(SUPPLIED MATERIAL):
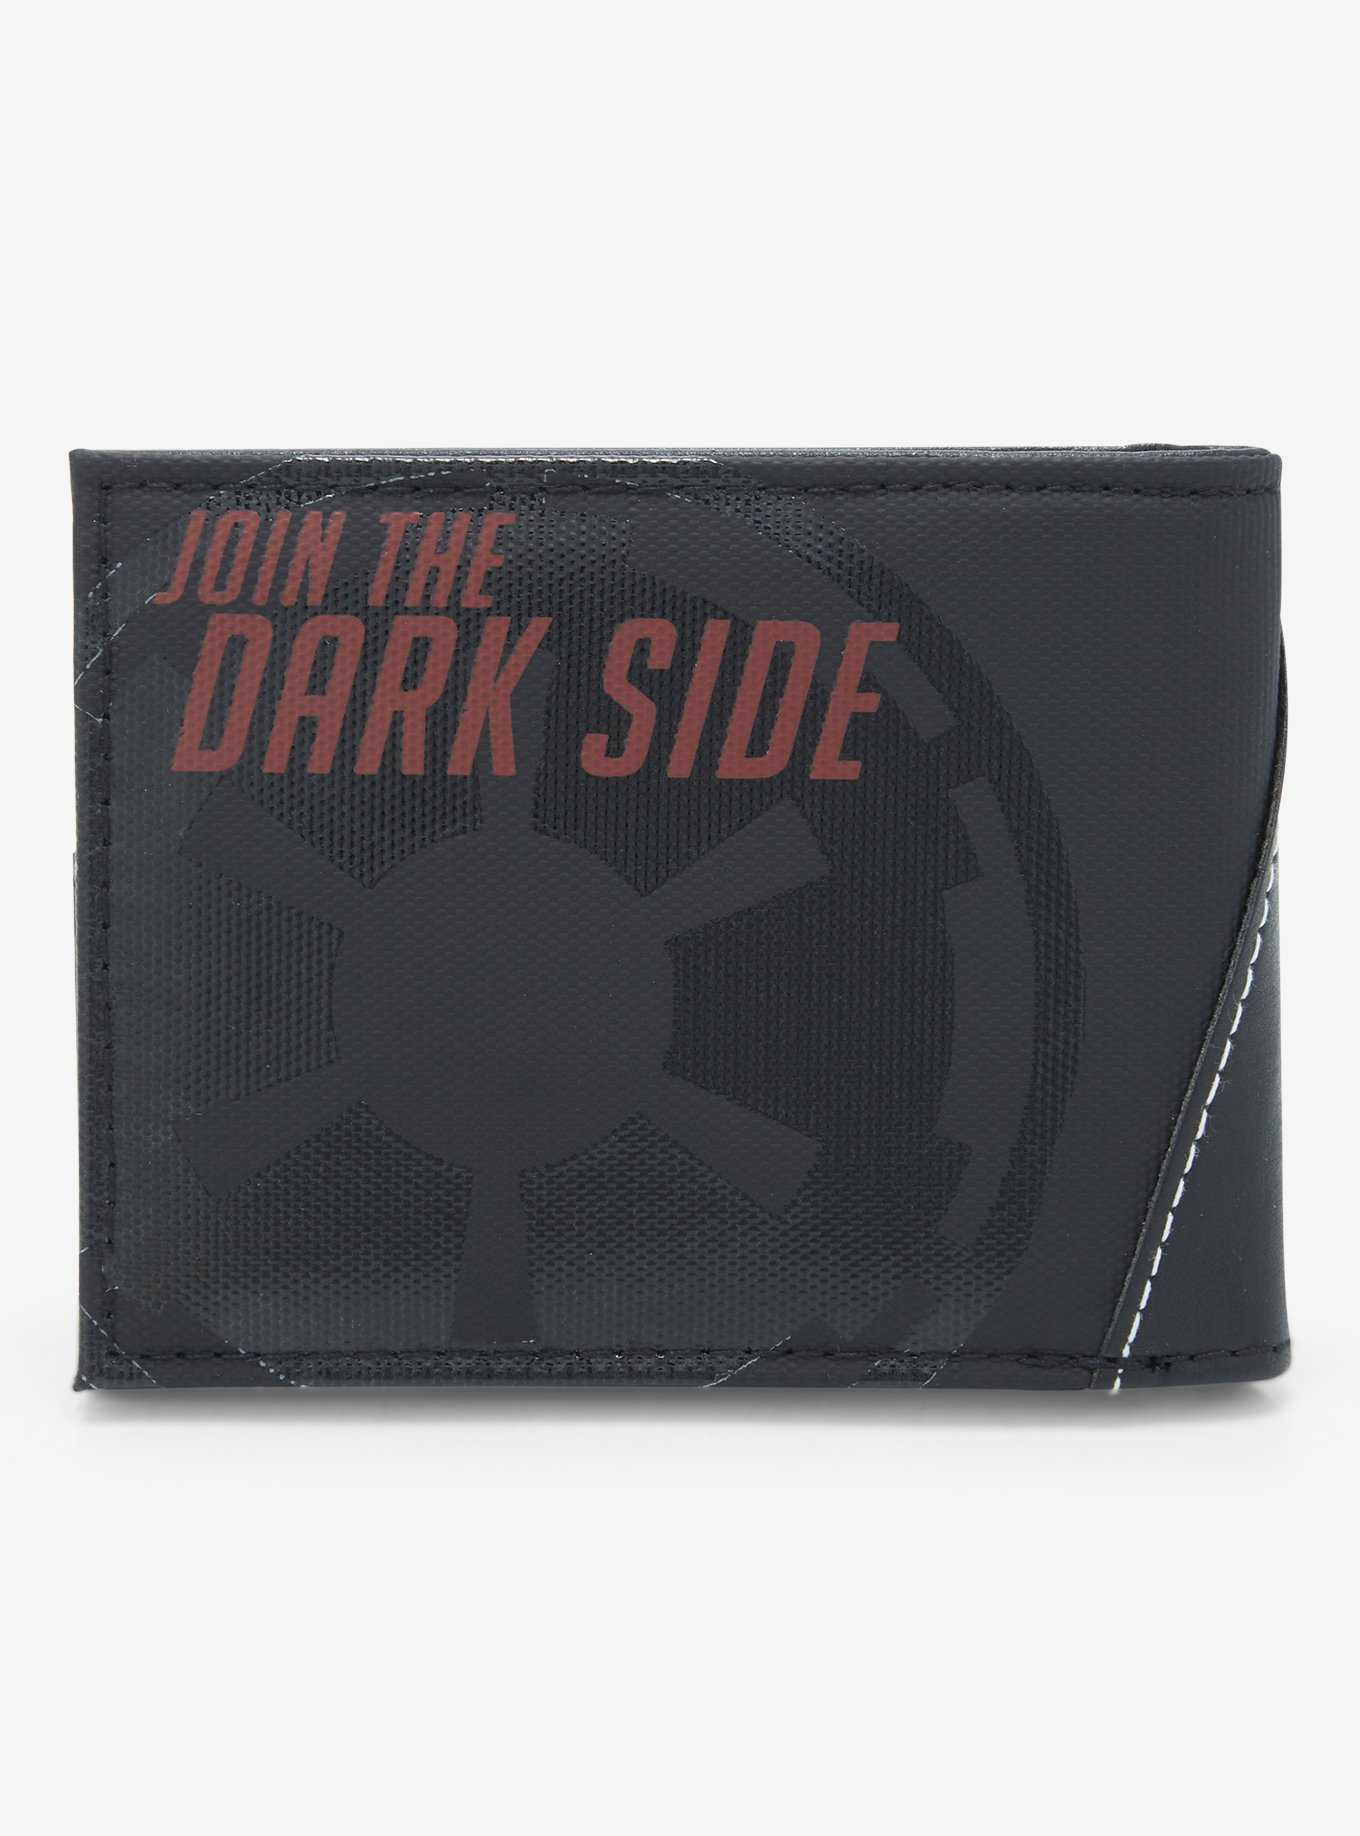 Star Wars Empire Dark Side Bifold Wallet , , hi-res
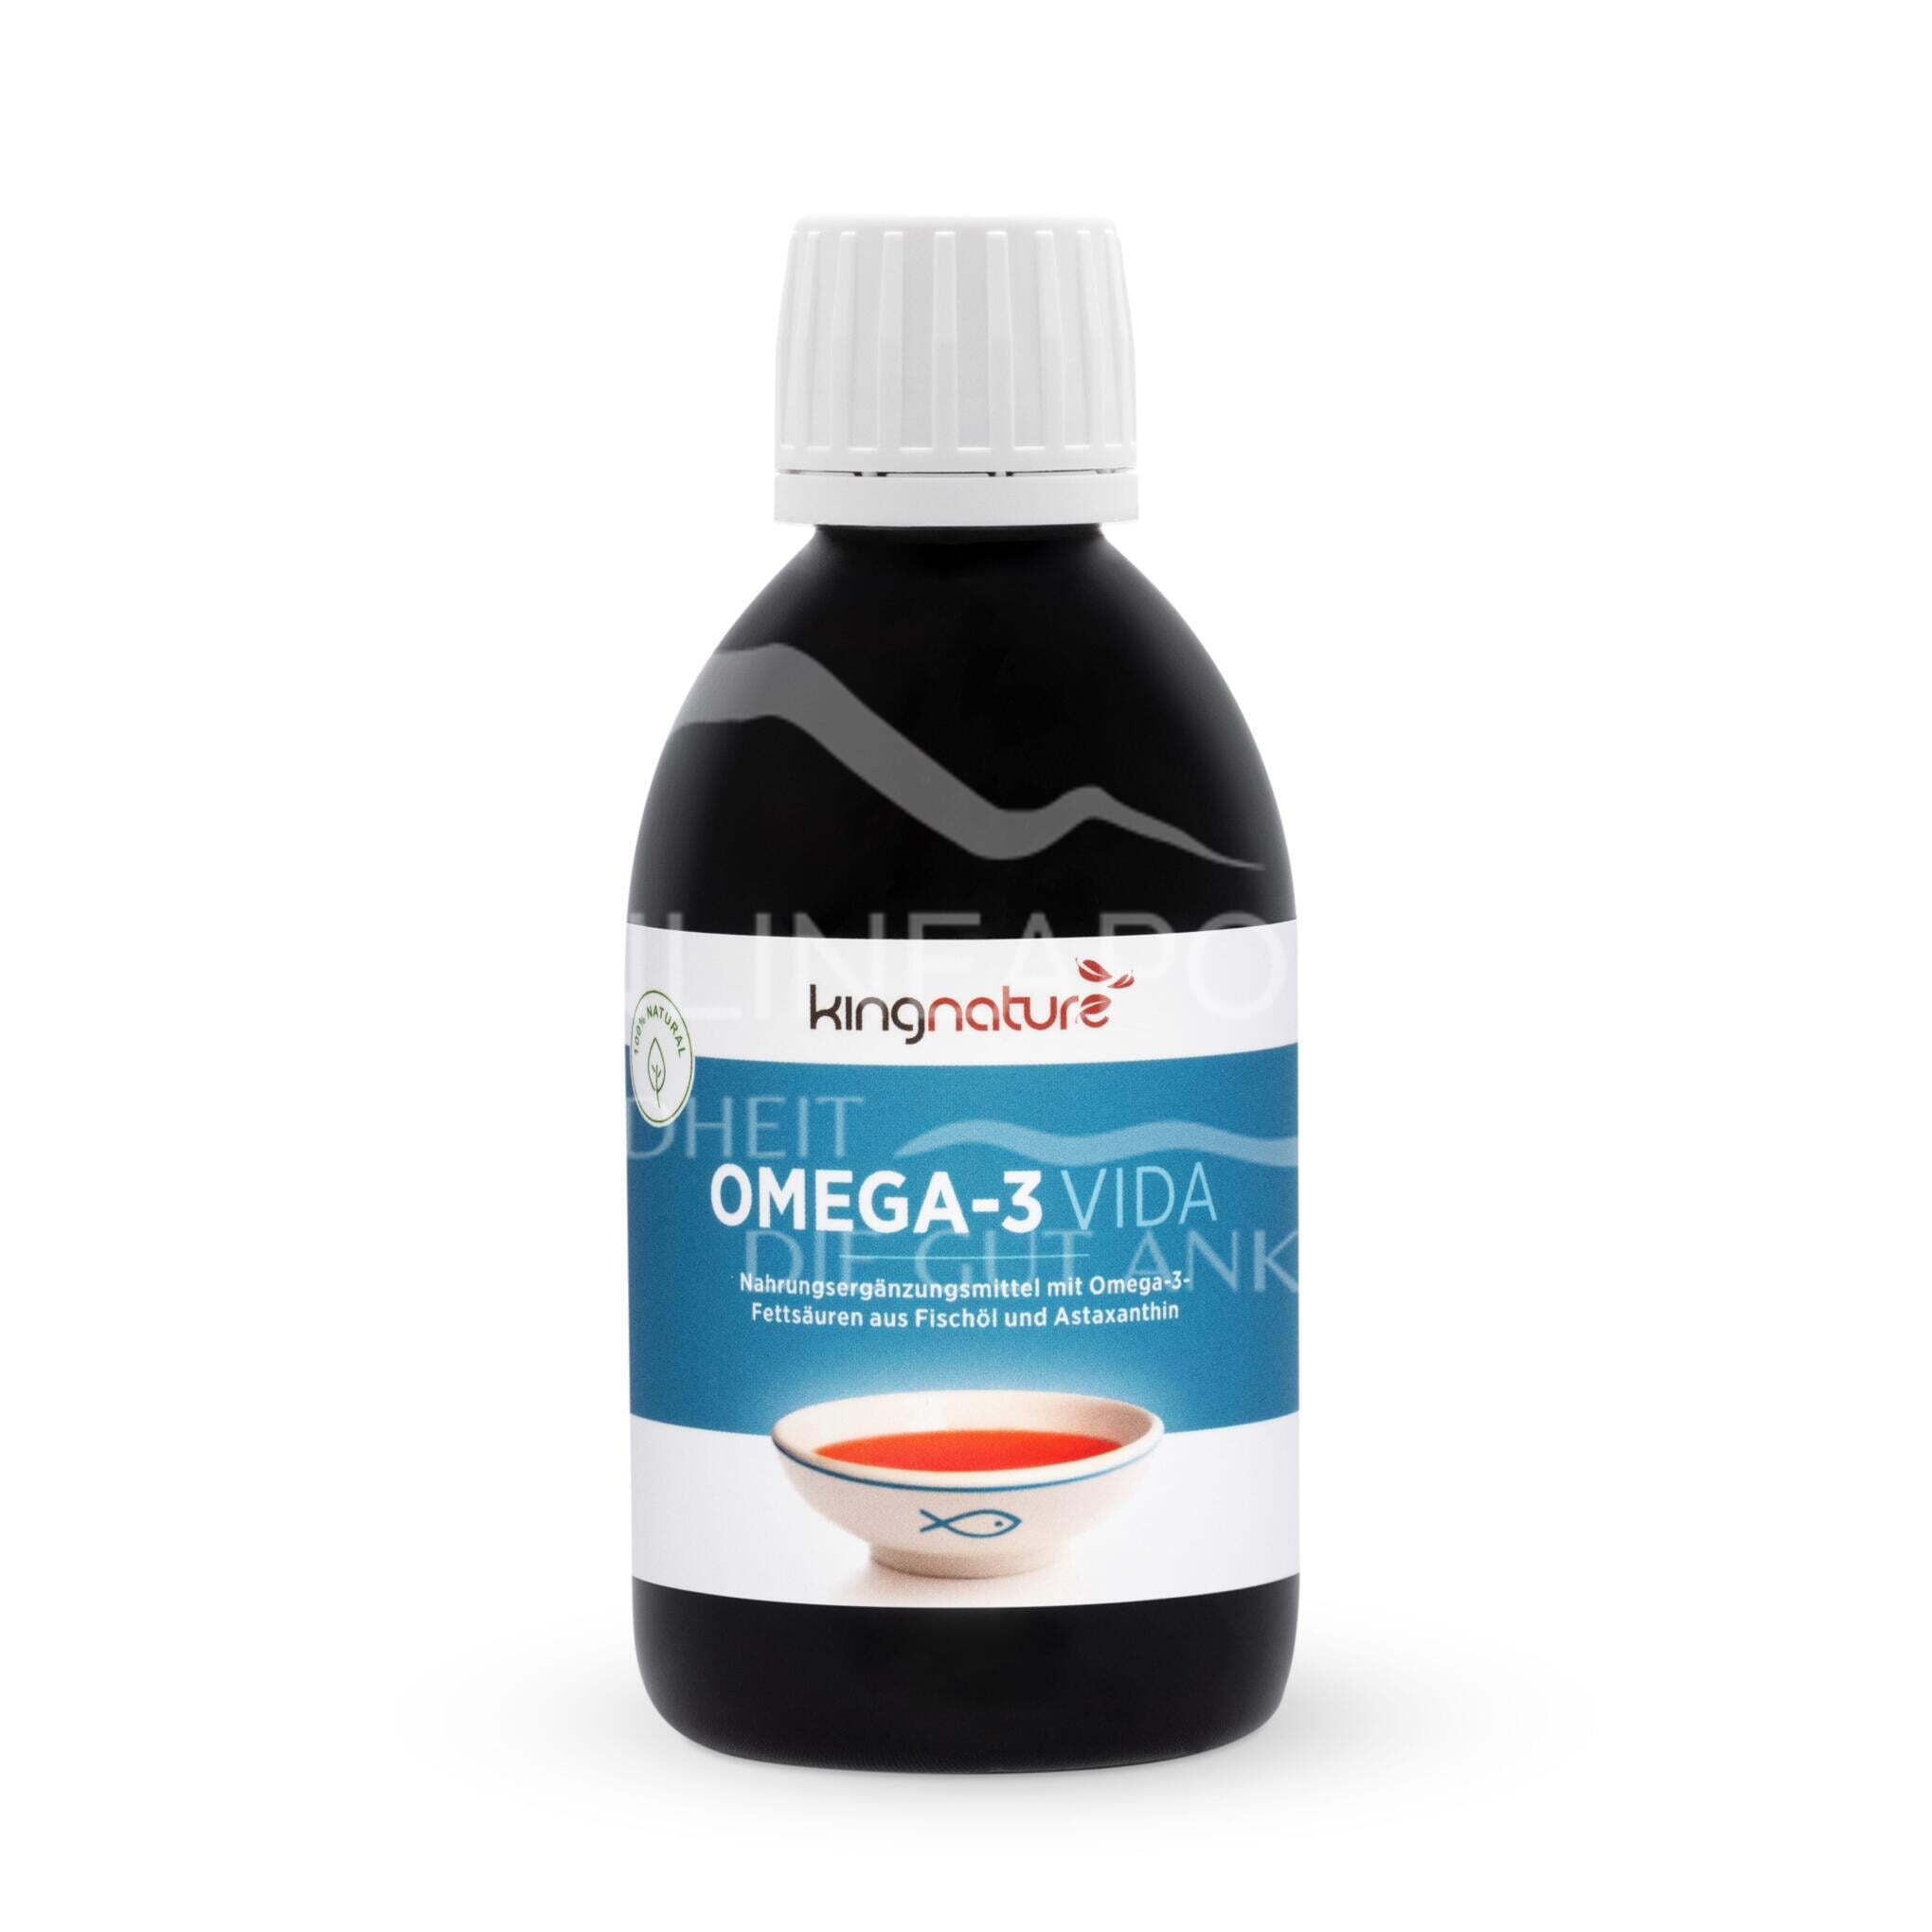 Kingnature Omega 3 Vida Fischöl
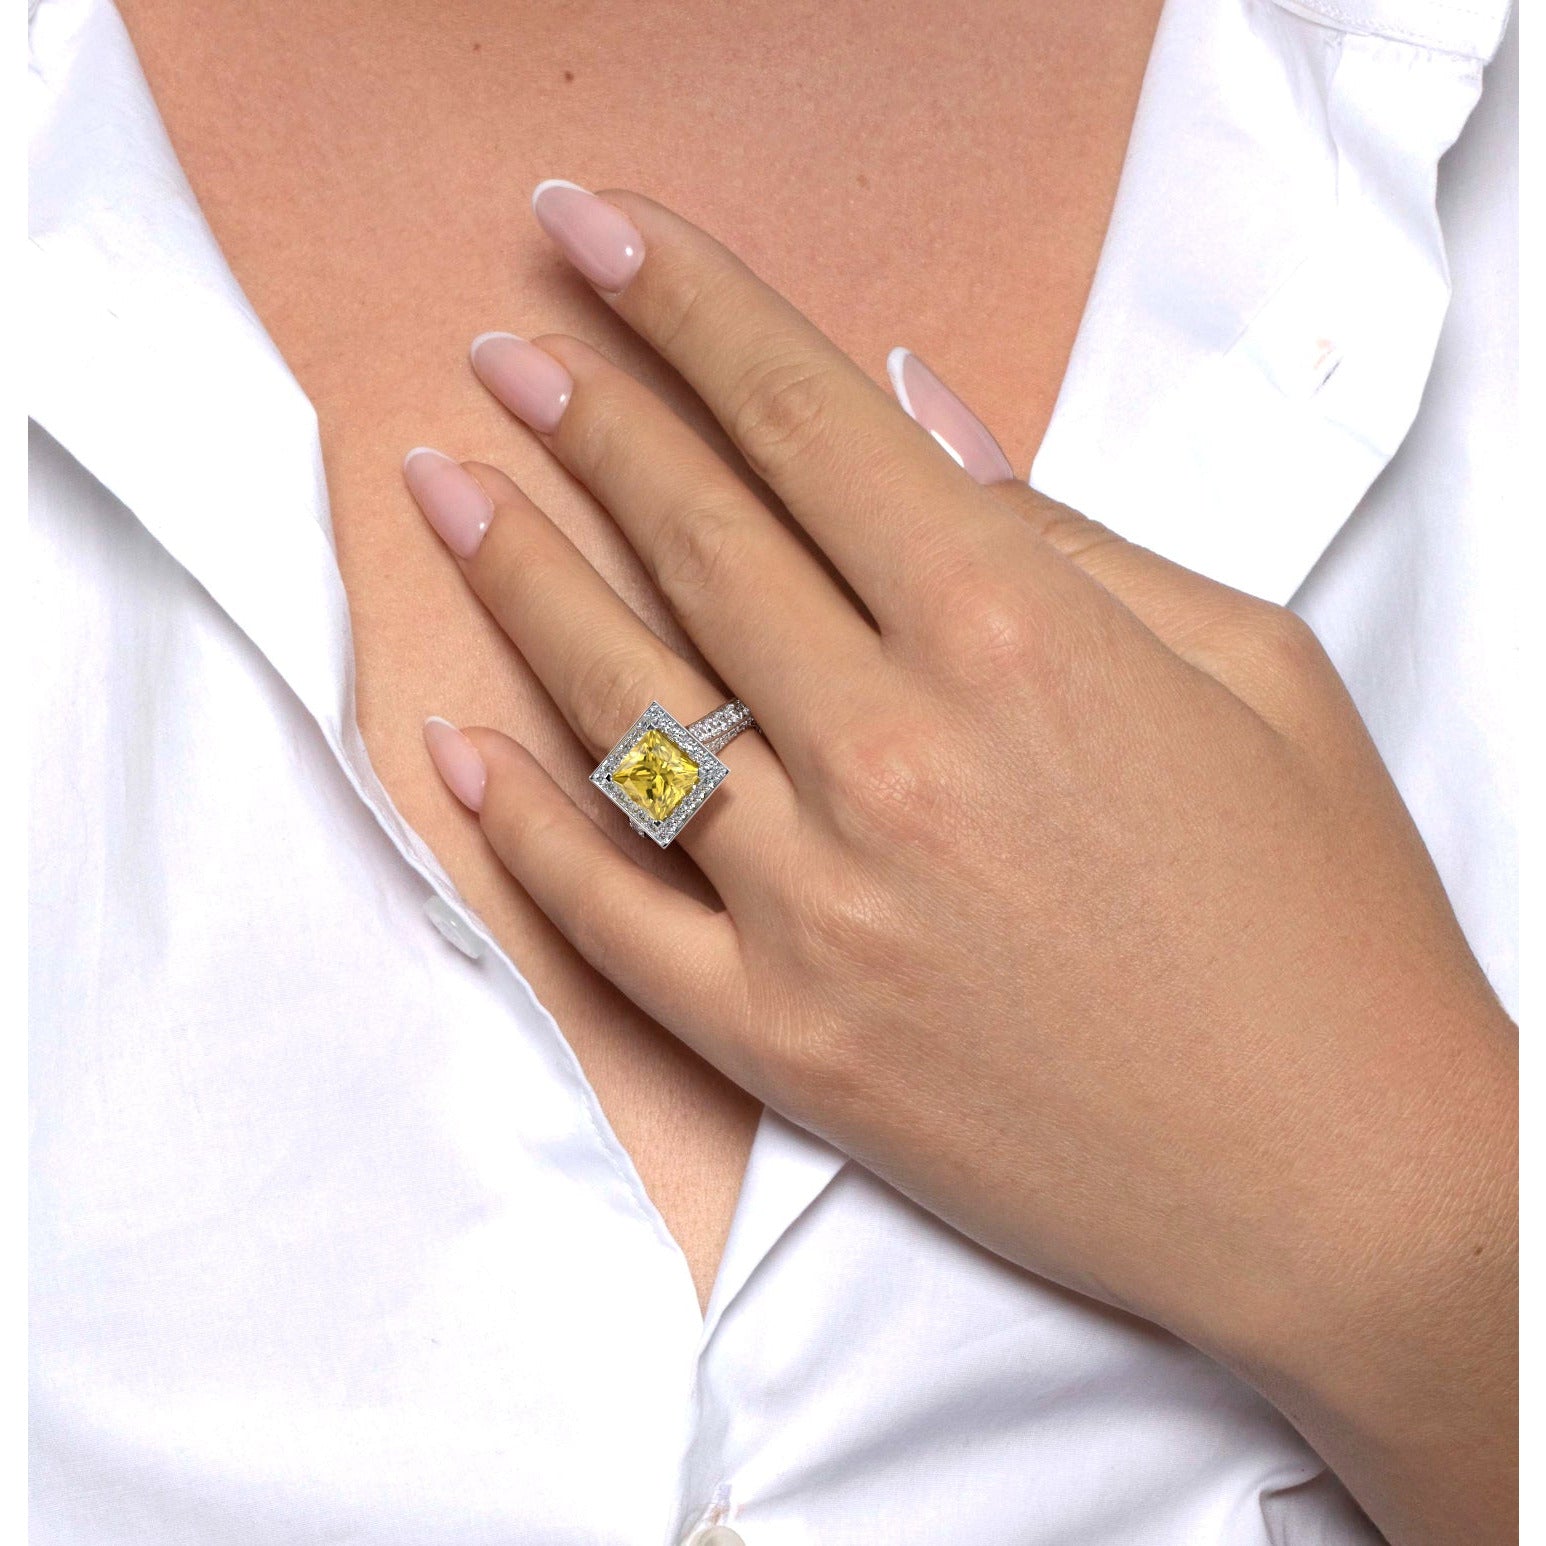 Freya Diamond Engagement Ring   (4.5 Carat) -18K White Gold

(EXERCISE DETAILS):
In your transcription of the listing above, match each line exactly and include no pictures.

(SOLUTION TO THE PROBLEM):
 Star Wars Empire Dark Side Bifold Wallet , , hi-res
 Kingnature Omega 3 Vida Fischöl
 Freya Diamond Engagement Ring   (4.5 Carat) -18K White Gold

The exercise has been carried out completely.